Standing in his path is a teenager who has already mastered the art of making veterans look amateur.
Lee may be just 19 years old, but “The Phenom” has turned the MMA cage into his personal playground. Since his promotional debut, he’s been a finishing machine, collecting three straight submission victories and three consecutive $50,000 performance bonuses.
His victims tell the story of a young man who possesses finishing instincts: Antonio Mammarella submitted via rear-naked choke, Nico Cornejo tapped out in similar fashion, and Takeharu Ogawa was forced to surrender to an anaconda choke in just 63 seconds.
The psychological warfare began months ago when Lee declared that he doesn’t think he’s “a good matchup” for Ruotolo.
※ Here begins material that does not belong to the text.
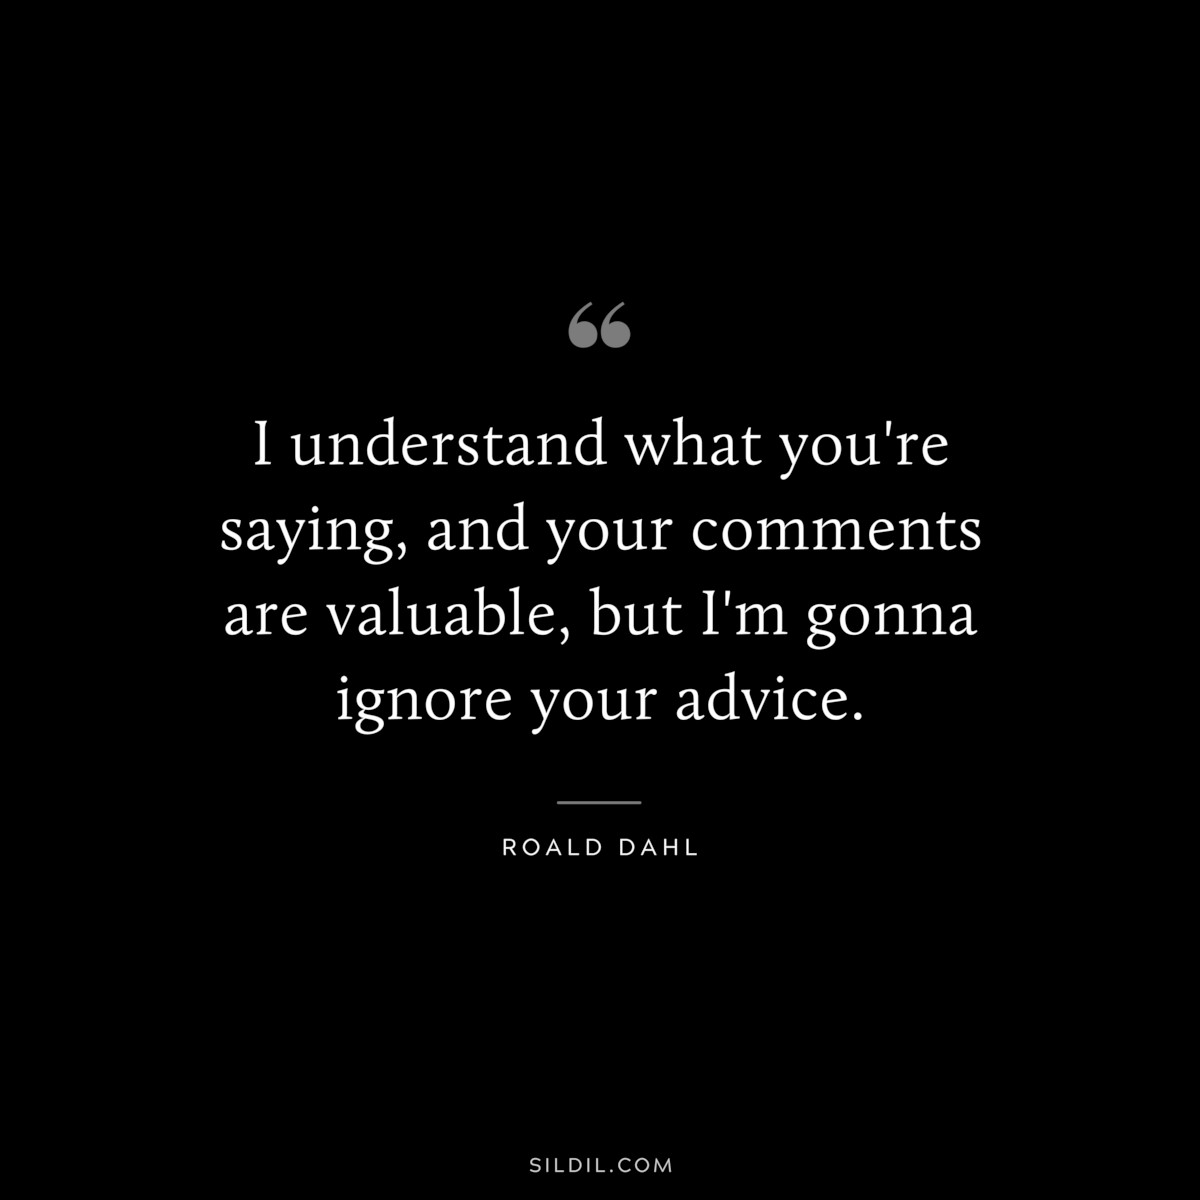 I understand what you're saying, and your comments are valuable, but I'm gonna ignore your advice. ― Roald Dahl

It’s the kind of statement that either reveals supreme confidence or dangerous naivety – and on September 5, the world will discover which one it is.
This isn’t just about one fighter making his MMA debut. It’s about the question that haunts combat sports: Can pure grappling excellence translate to the chaos of mixed martial arts? Ruotolo has followed his twin brother Kade’s path from submission grappling dominance to MMA curiosity, but every fighter’s journey is unique, and the sport has a way of exposing truths that the mats cannot reveal.
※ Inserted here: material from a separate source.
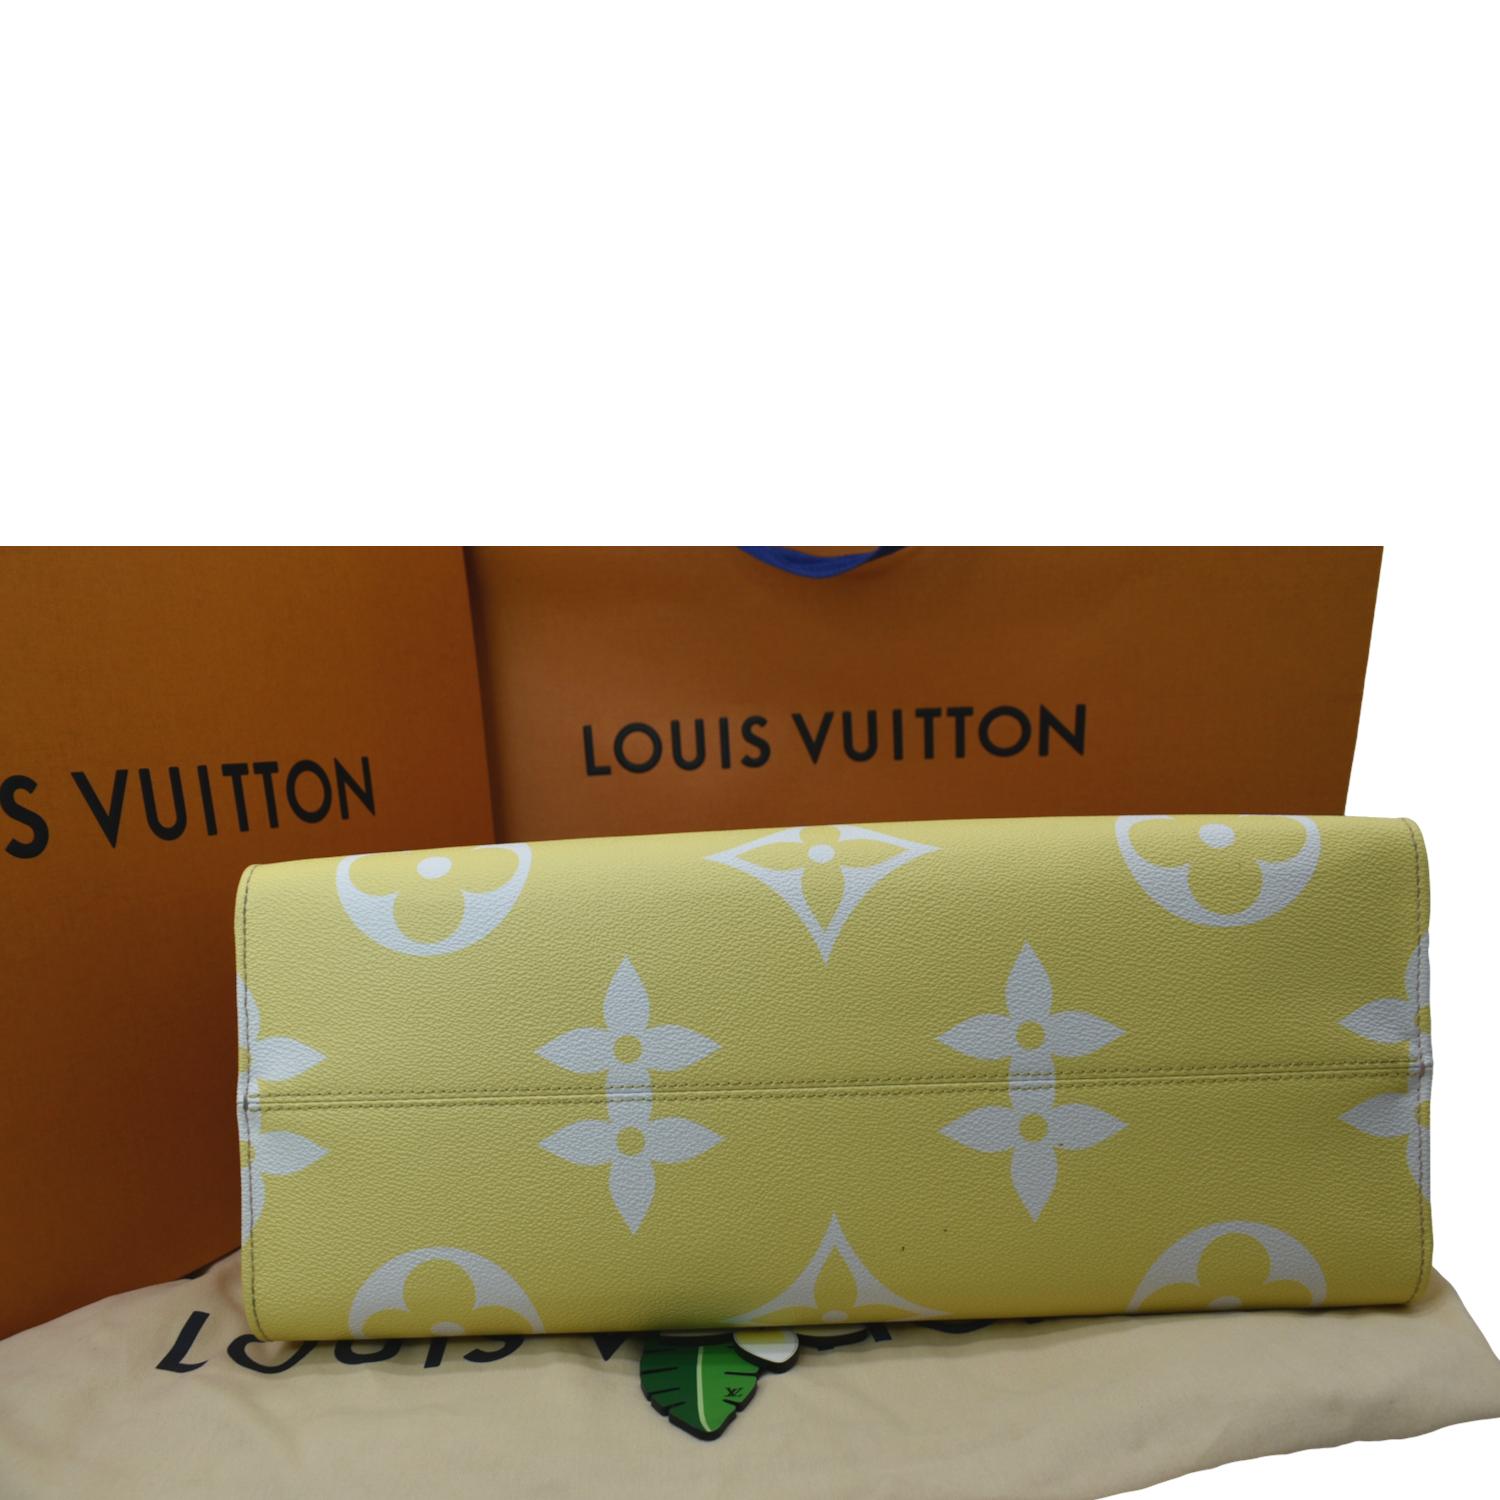 LOUIS VUITTON Monogram Giant By The Pool OnTheGo GM Light Pink

For Lee, this represents the ultimate step-up in competition. He’s been steamrolling through opponents with ease. But facing a world champion in any discipline – even one making his MMA debut – is a different conversation entirely.
The stakes couldn’t be higher. Ruotolo risks tarnishing his perfect record and potentially derailing his MMA aspirations before they truly begin. Lee faces his first true test against elite-level competition, with the opportunity to announce himself as a legitimate contender in the division.